-- Material provided --
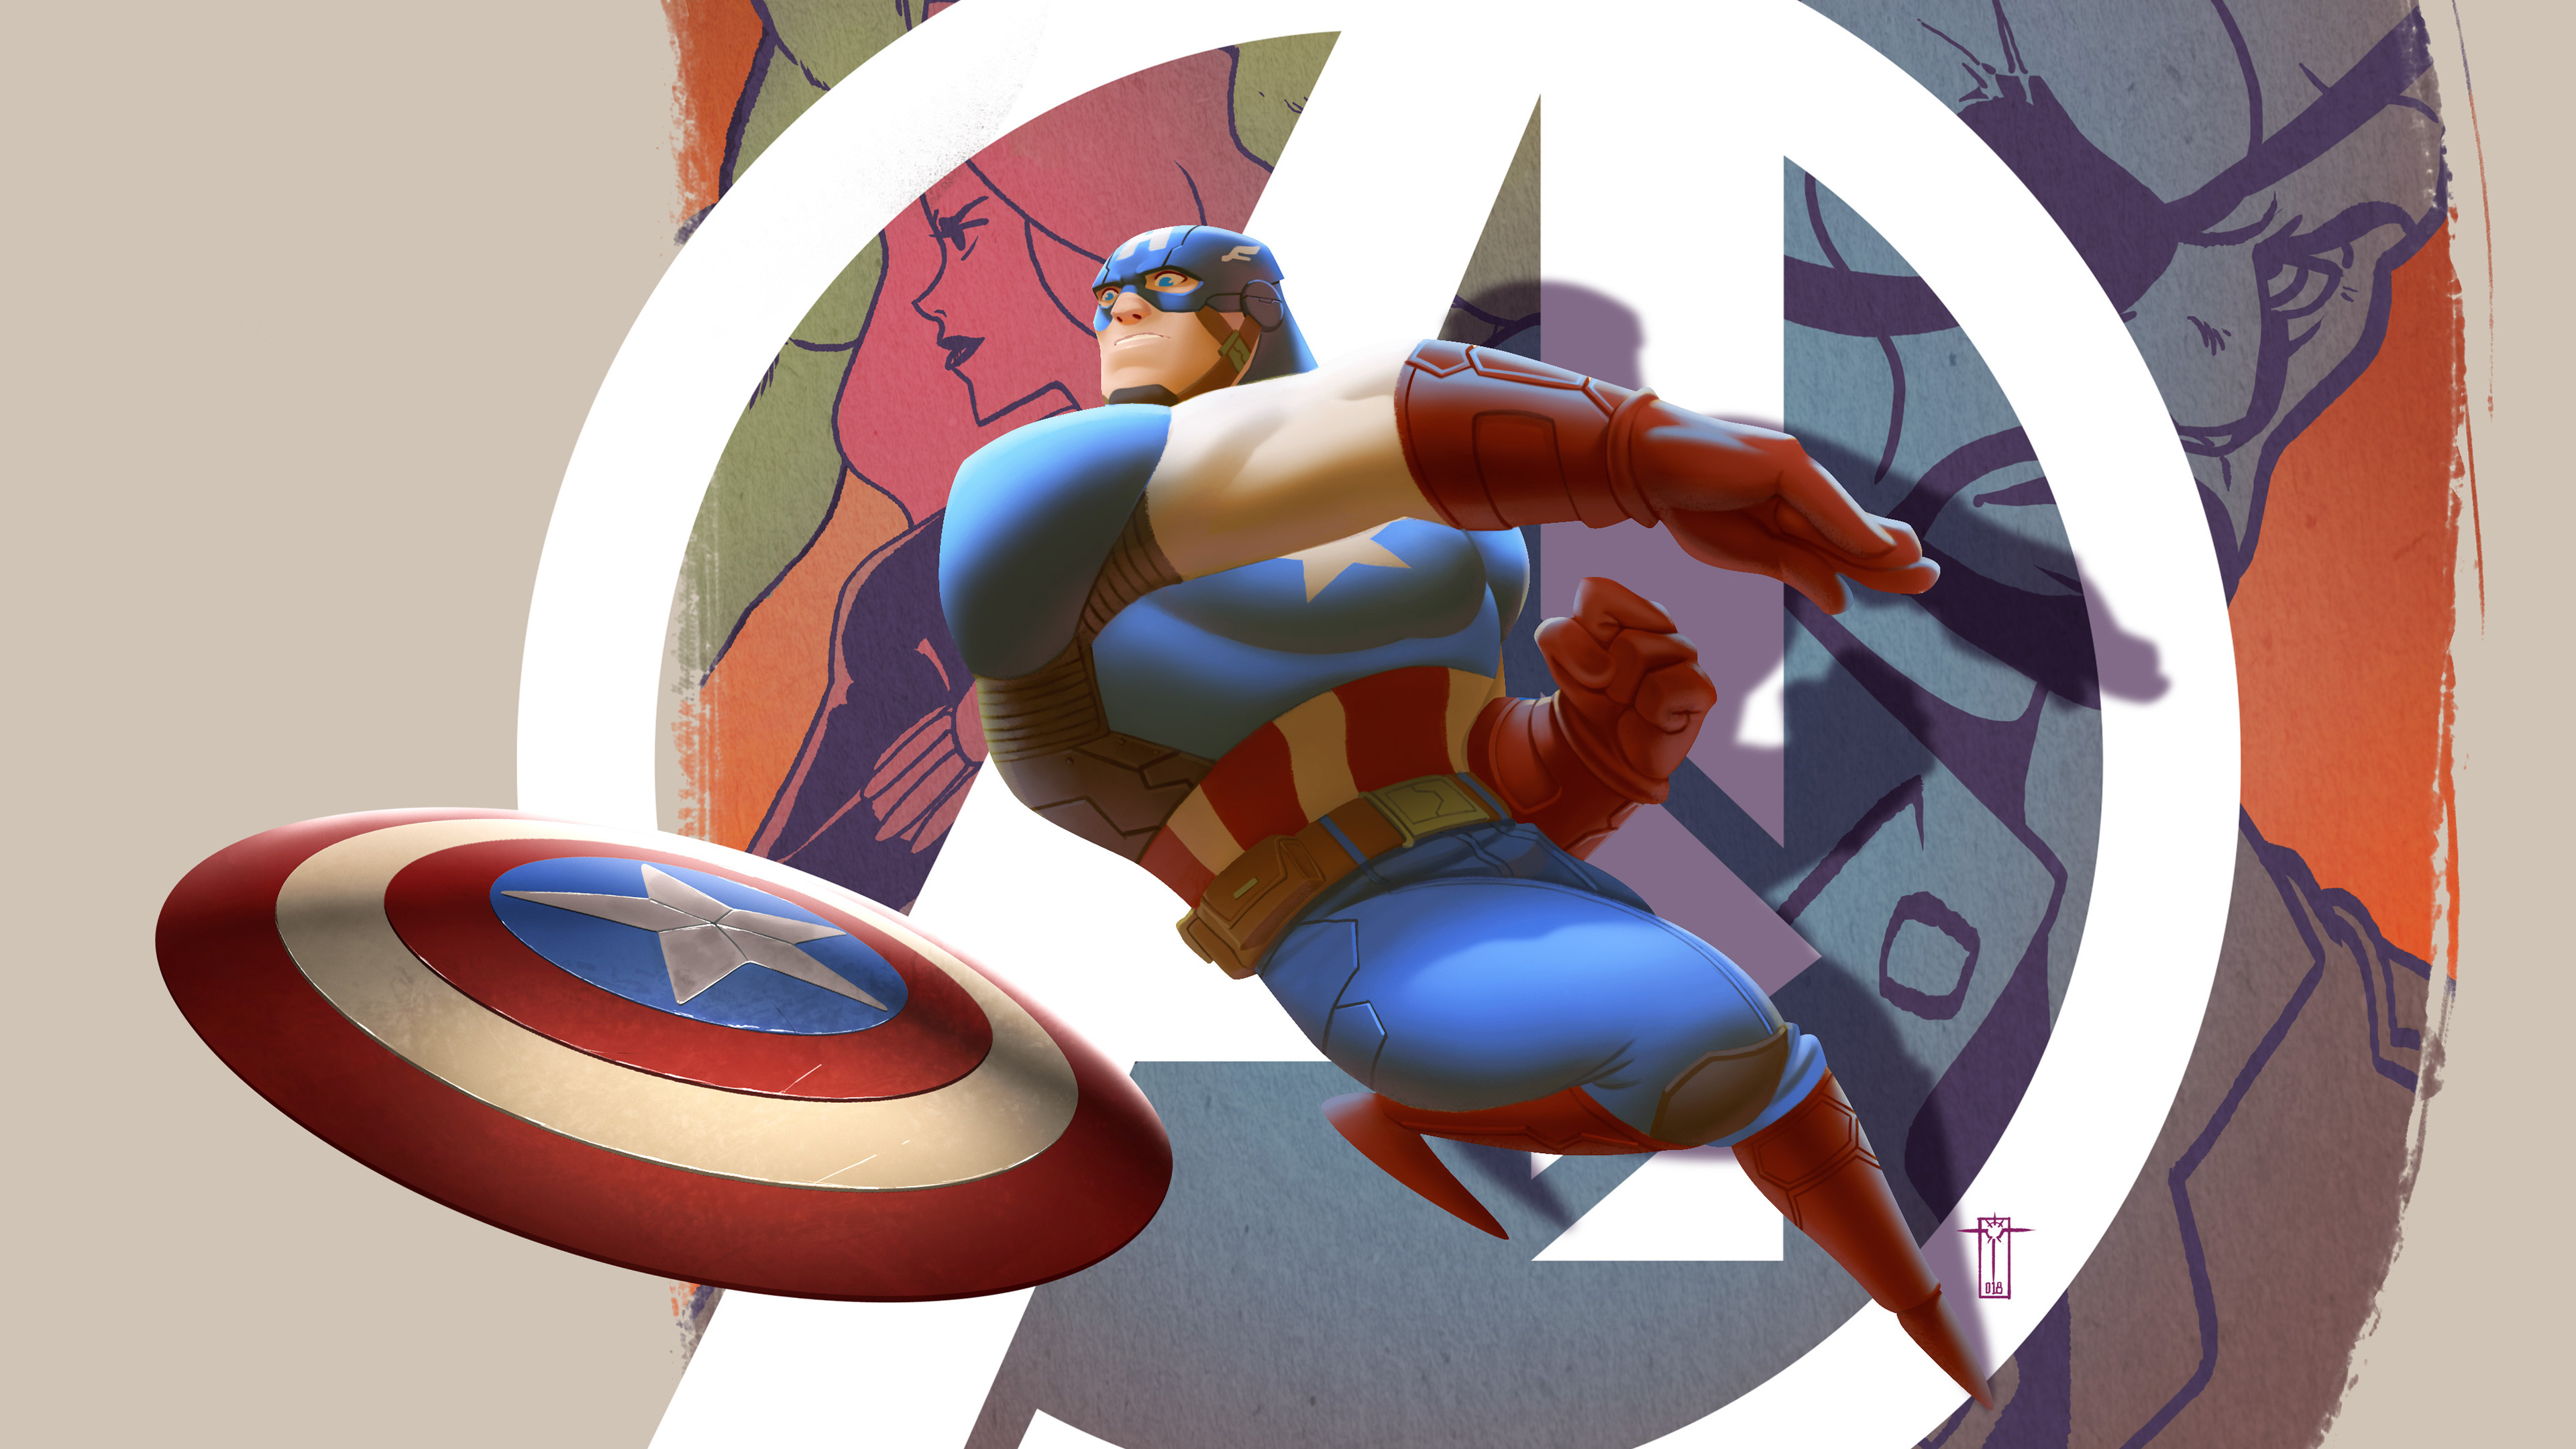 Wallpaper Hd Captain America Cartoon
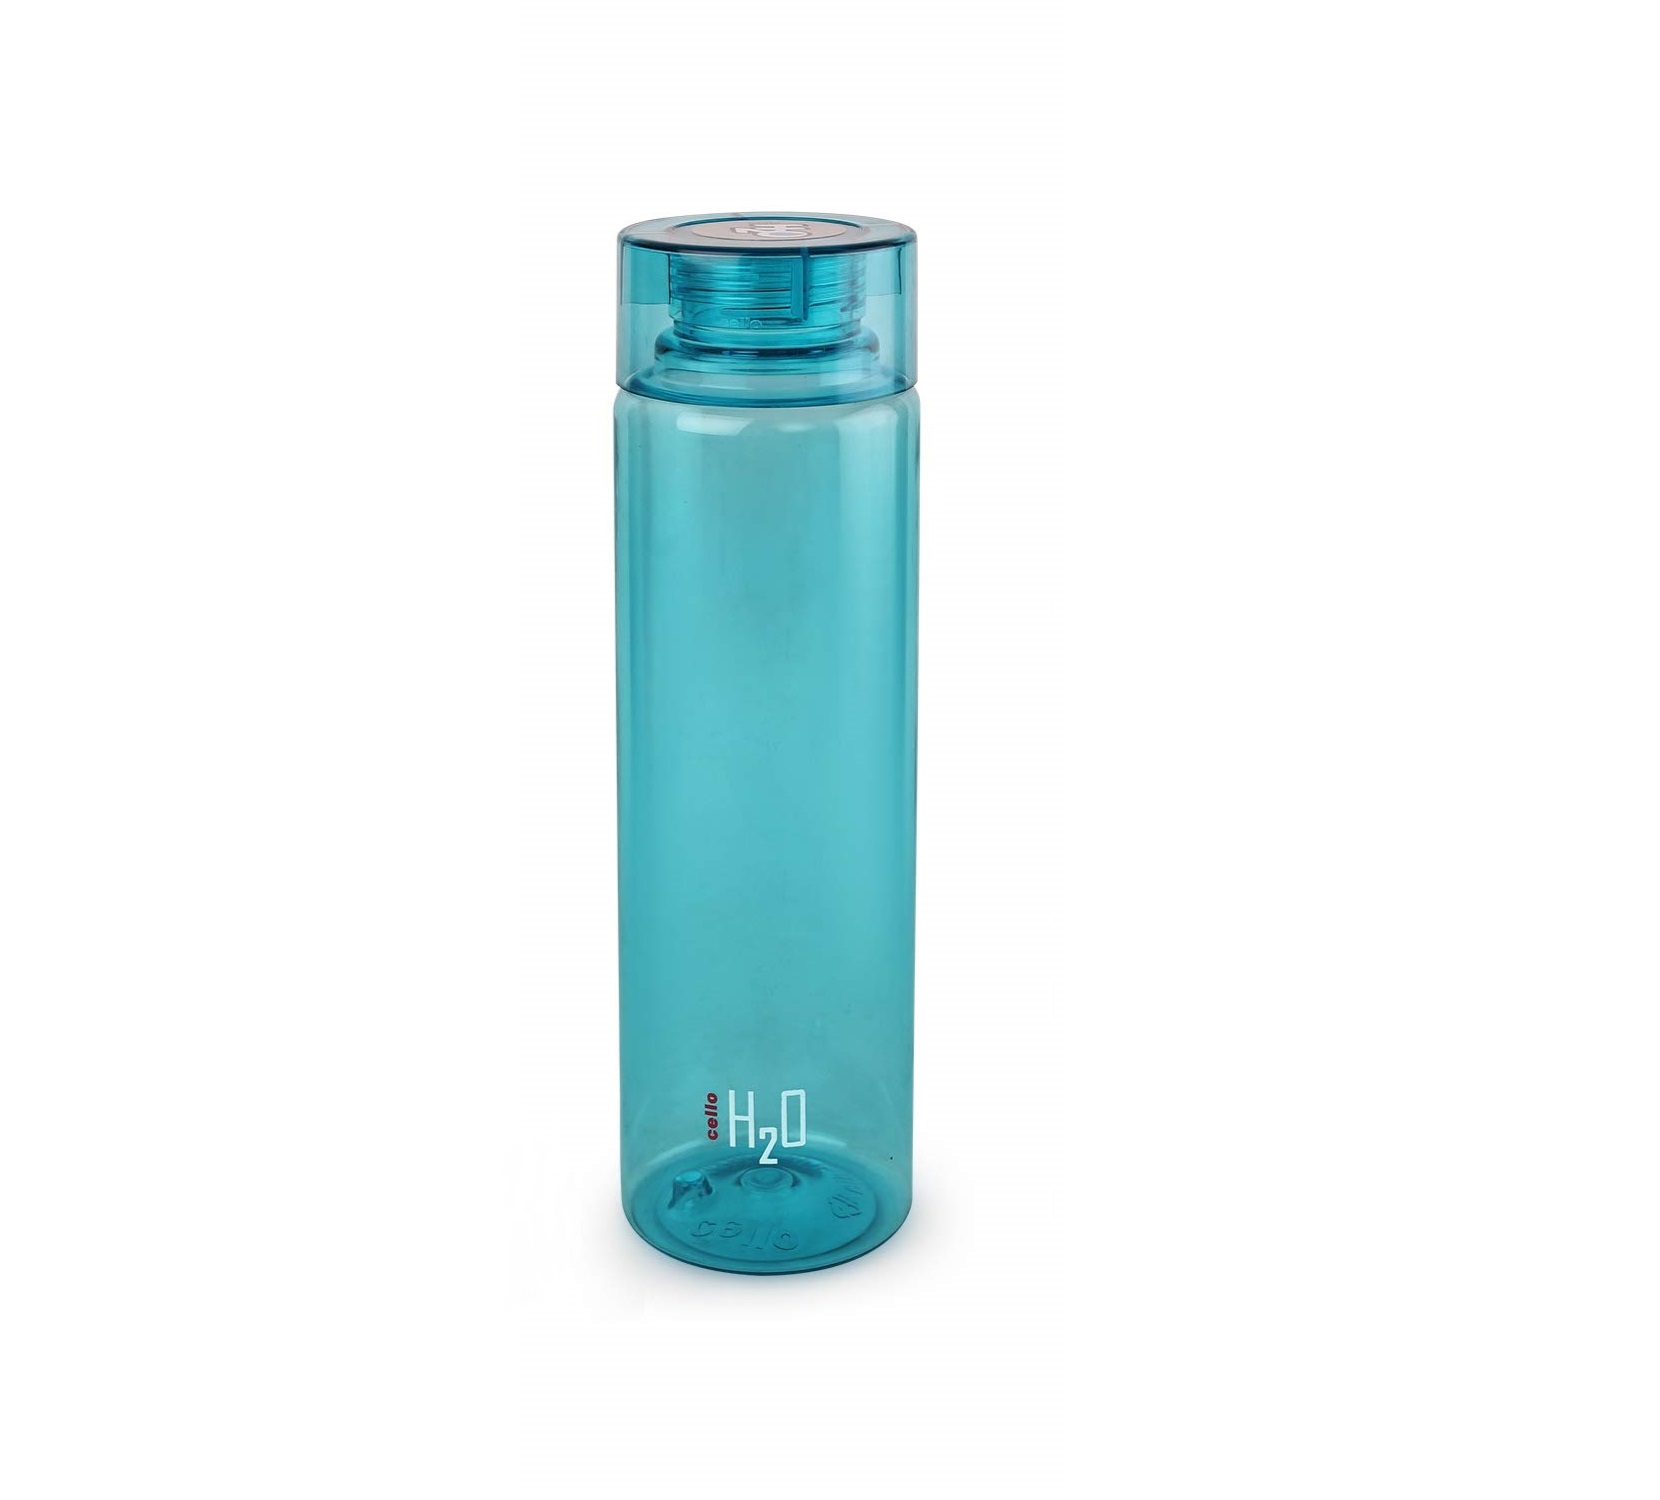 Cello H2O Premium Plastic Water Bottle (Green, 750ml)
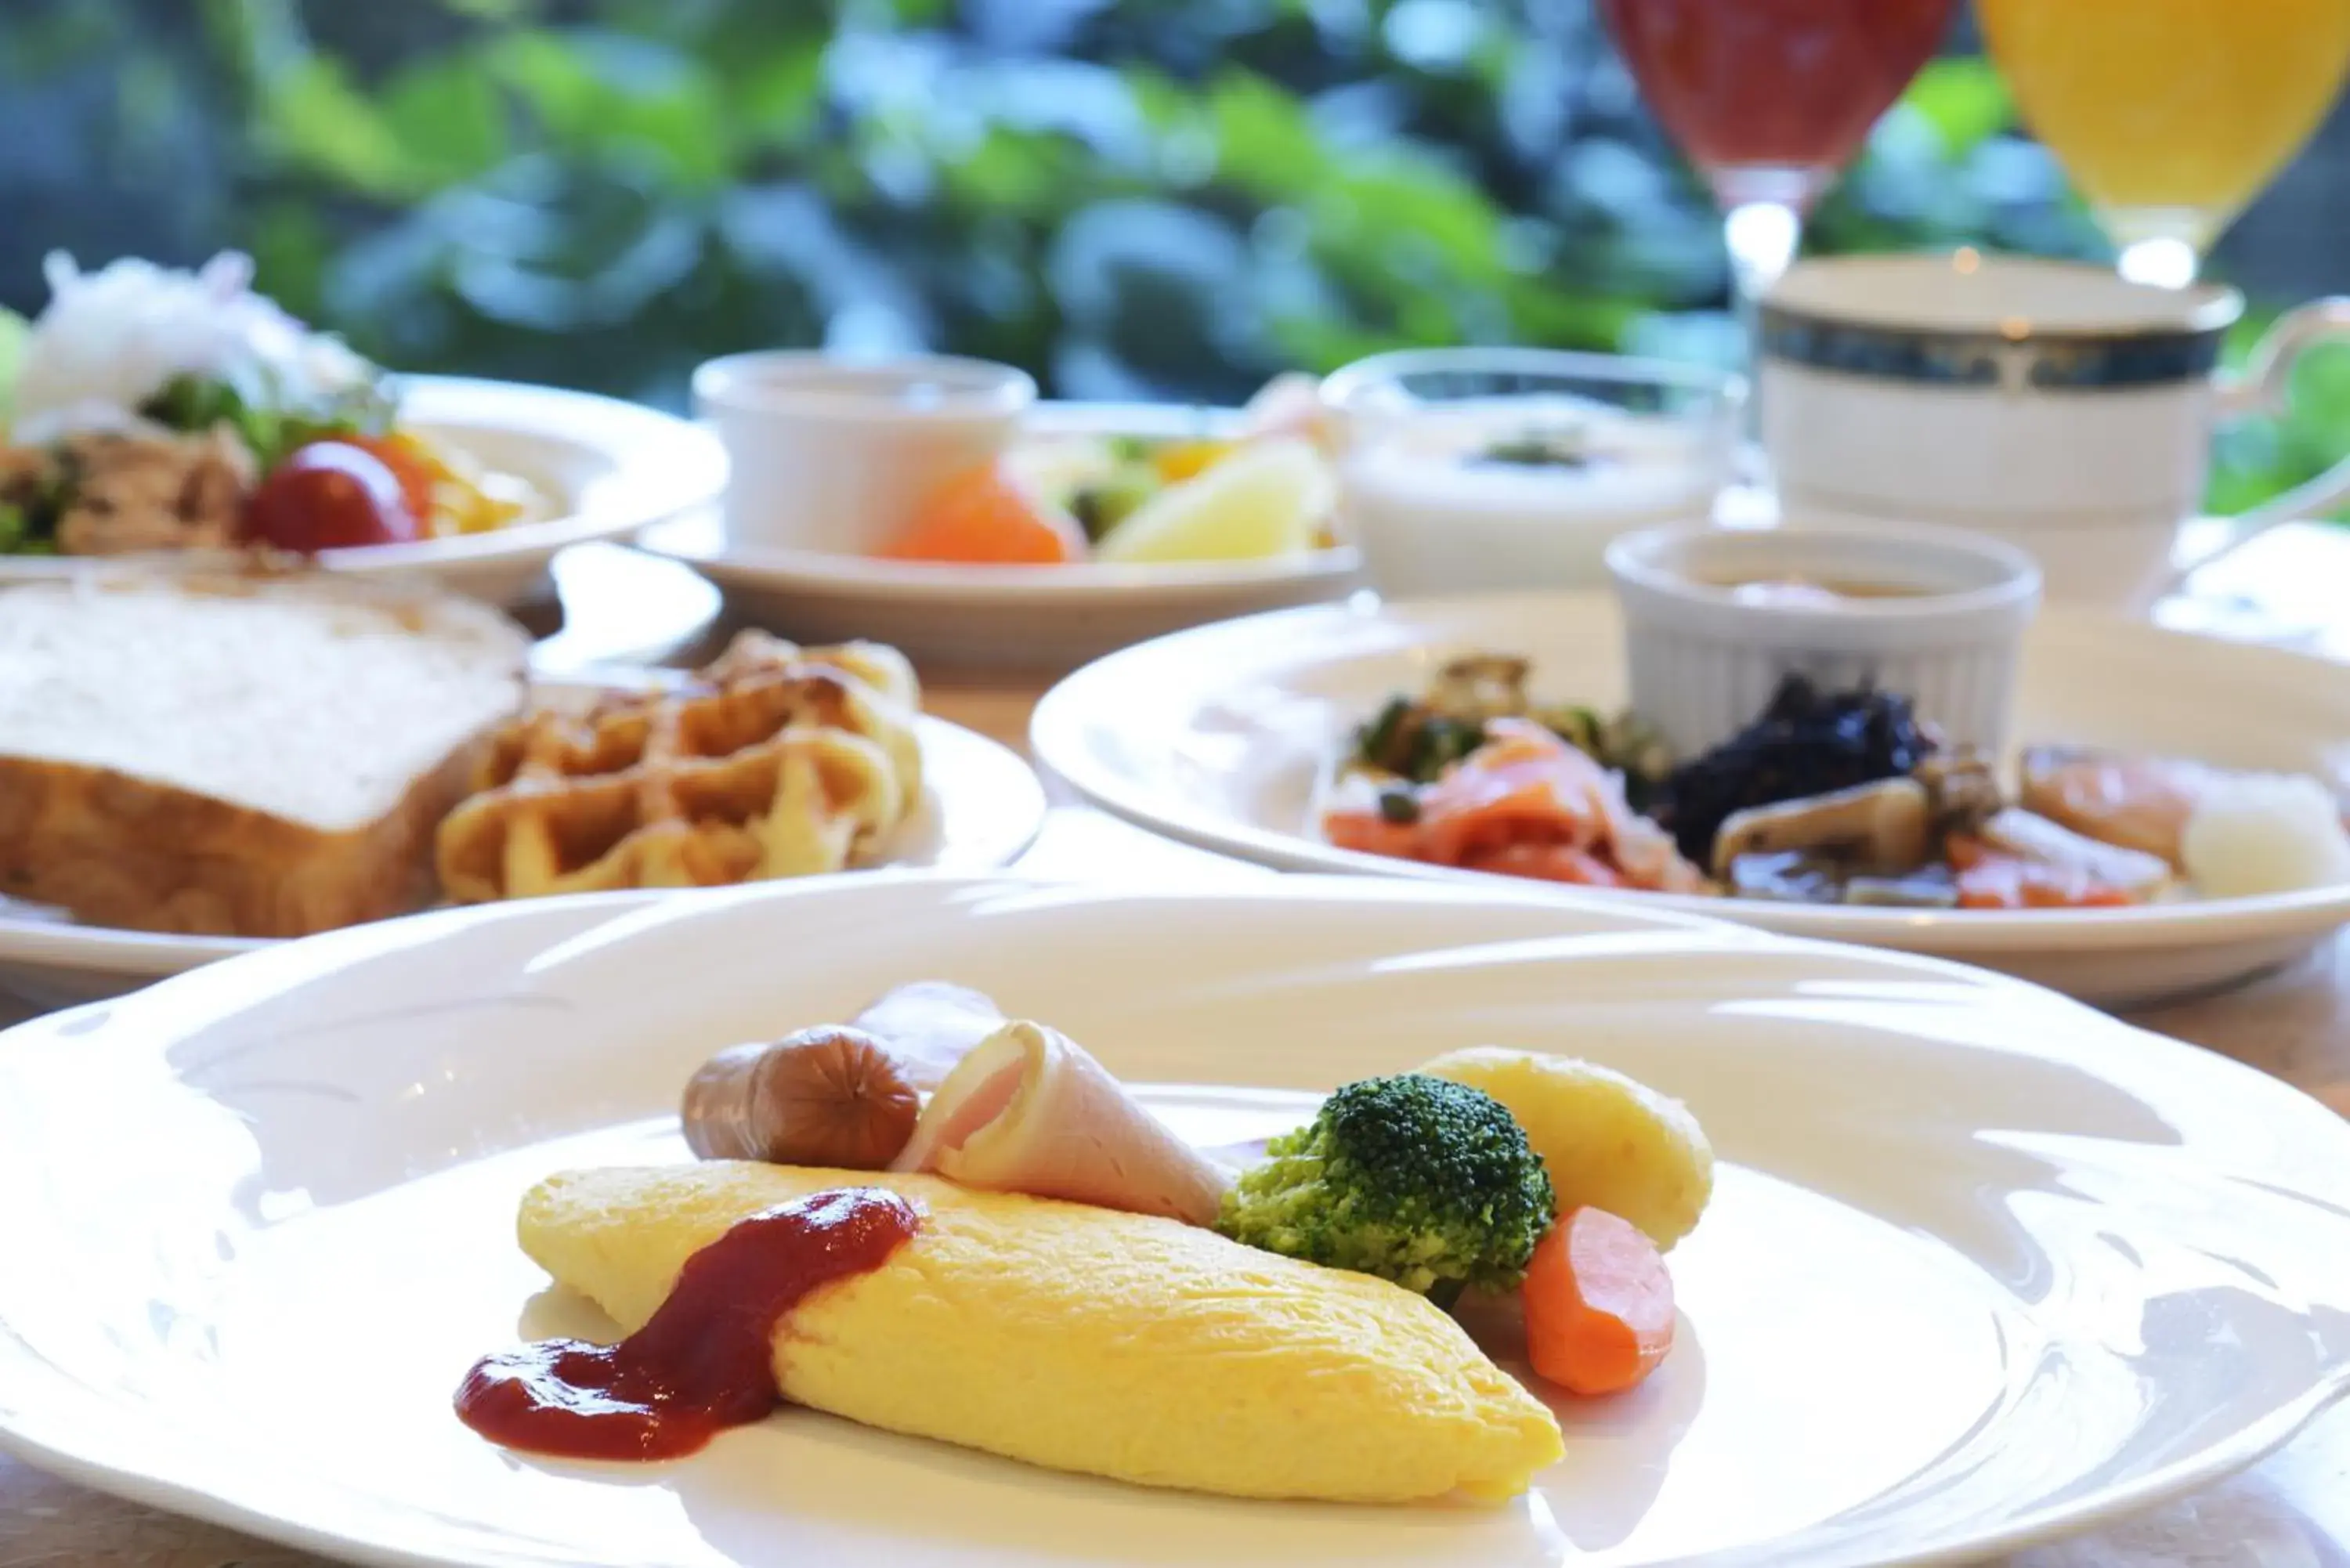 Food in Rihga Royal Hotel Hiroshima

-- What you are asked to do --
What is needed is a verbatim copy of the lines running from the one with "Cello H2O Premium" through the last line of the listing above, excluding any pictures.

-- Output of the exercise --
 Cello H2O Premium Plastic Water Bottle (Green, 750ml)
 Food in Rihga Royal Hotel Hiroshima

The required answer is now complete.